Table 2 displays the results of multivariate logistic regression analysis of NAFLD status by smoking type. In the fully adjusted model, cigarette only smokers showed significantly higher odds of NAFLD relative to never smokers for all three of the NAFLD indices (HSI: AOR=1.22; 95% CI: 1.05–1.42, p=0.008; NRS: AOR=2.13; 95% CI: 1.87–2.42, p=0.000; KNS: AOR=1.33; 95% CI: 1.14–1.55, p=0.000). Dual users also had significantly higher odds of NAFLD compared to never smokers for all three NAFLD indices (HSI: AOR=1.47; 95% CI: 1.08–1.99, p=0.014; NRS: AOR=2.21; 95% CI: 1.70–2.86, p=0.000; KNS: AOR=1.35; 95% CI: 1.01–1.81, p=0.045). For all three NAFLD indices, the AORs showed an increasing pattern from never smokers to cigarette only smokers to dual users (Table 2).
Table 2
Multivariate logistic regression analysis of association between smoking types and NAFLD status defined by HSI, NRS, and KNS
| Never smoker (Ref.) AOR (95% CI) | Cigarette only smoker AOR (95% CI) | Dual user AOR (95% CI) | |
|---|---|---|---|
| HSI (N=2046) n (%) | 871 (42.57) | 1026 (50.15) | 149 (7.28) |
| Model 1 | 1 | 1.03 (0.91–1.16) | 1.63 (1.26–2.11)*** |
| Model 2 | 1 | 1.00 (0.88–1.13) | 1.58 (1.22–2.04)*** |
| Model 3 | 1 | 1.22 (1.05–1.42)** | 1.47 (1.08–1.99)* |
| NRS (N=2258) n (%) | 702 (31.09) | 1412 (62.53) | 144 (6.38) |
| Model 1 | 1 | 2.05 (1.83–2.30)*** | 2.40 (1.87–3.09)*** |
| Model 2 | 1 | 2.03 (1.80–2.28)*** | 2.37 (1.84–3.04)*** |
| Model 3 | 1 | 2.13 (1.87–2.42)*** | 2.21 (1.70–2.86)*** |
| KNS (N=1468) n (%) | 554 (37.74) | 819 (55.79) | 95 (6.47) |
| Model 1 | 1 | 1.35 (1.17–1.55)*** | 1.63 (1.24–2.15)** |
| Model 2 | 1 | 1.31 (1.14–1.51)*** | 1.58 (1.19–2.08)** |
| Model 3 | 1 | 1.33 (1.14–1.55)*** | 1.35 (1.01–1.81)* |
Cut-off values for non-alcoholic fatty liver disease were defined as: HSI >36; NRS>0.44; KNS>0.884. Model 1: Adjusted for sociodemographic characteristics (age, income, education level, occupation).

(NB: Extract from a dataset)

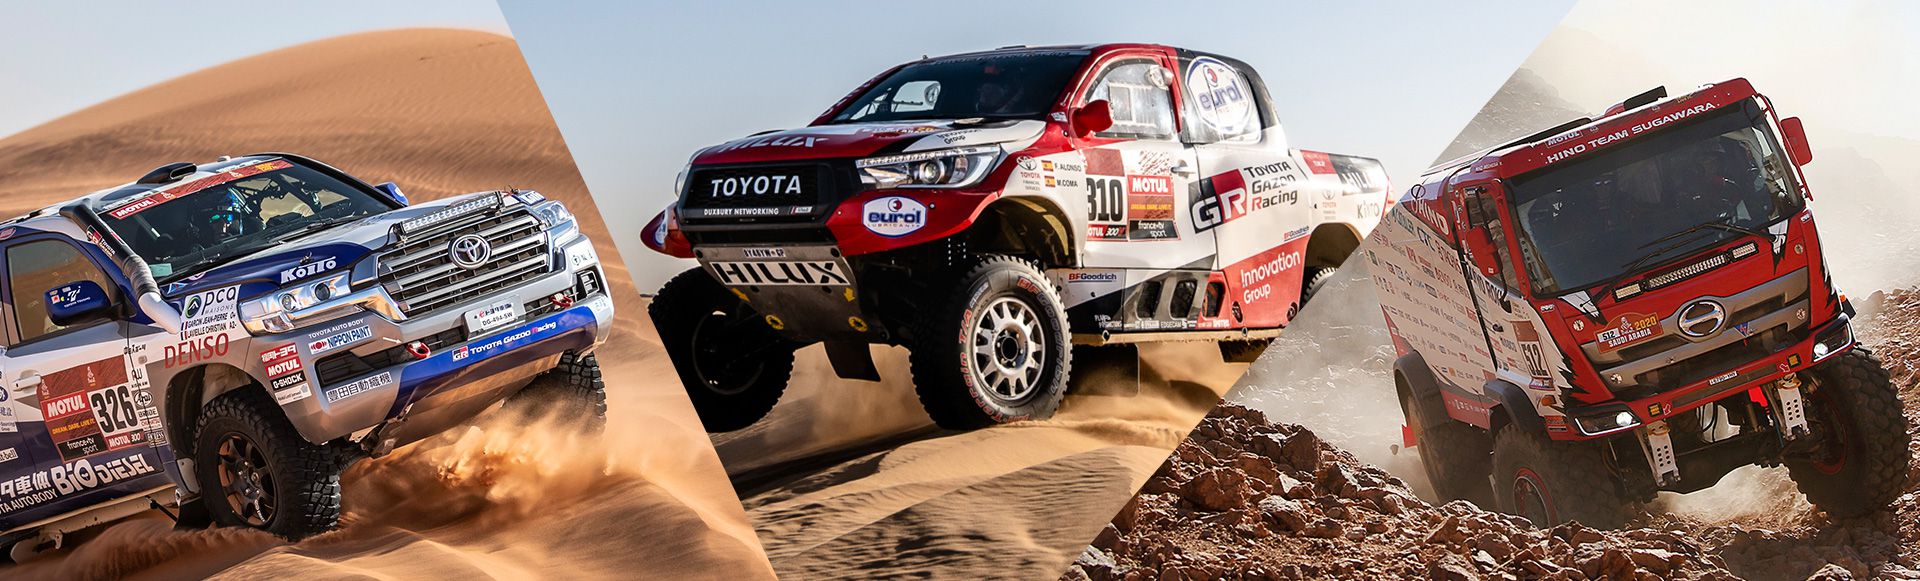 Comment From President Akio Toyoda Concerning The Outcome Of The Dakar Rally Toyota Global Newsroom Toyota Motor Corporation Official Global Website

Model 2: Adjusted for Model 1 plus hypertension, type 2 diabetes mellitus, and dyslipidemia. Model 3: Adjusted for Model 2 plus body mass index, alcohol consumption, and physical activity. HSI: hepatic steatosis index. NRS: Non-alcoholic fatty liver disease ridge score. KNS: Korea National Health and Nutrition Examination Survey non-alcoholic fatty liver disease score. N = number of NAFLD events.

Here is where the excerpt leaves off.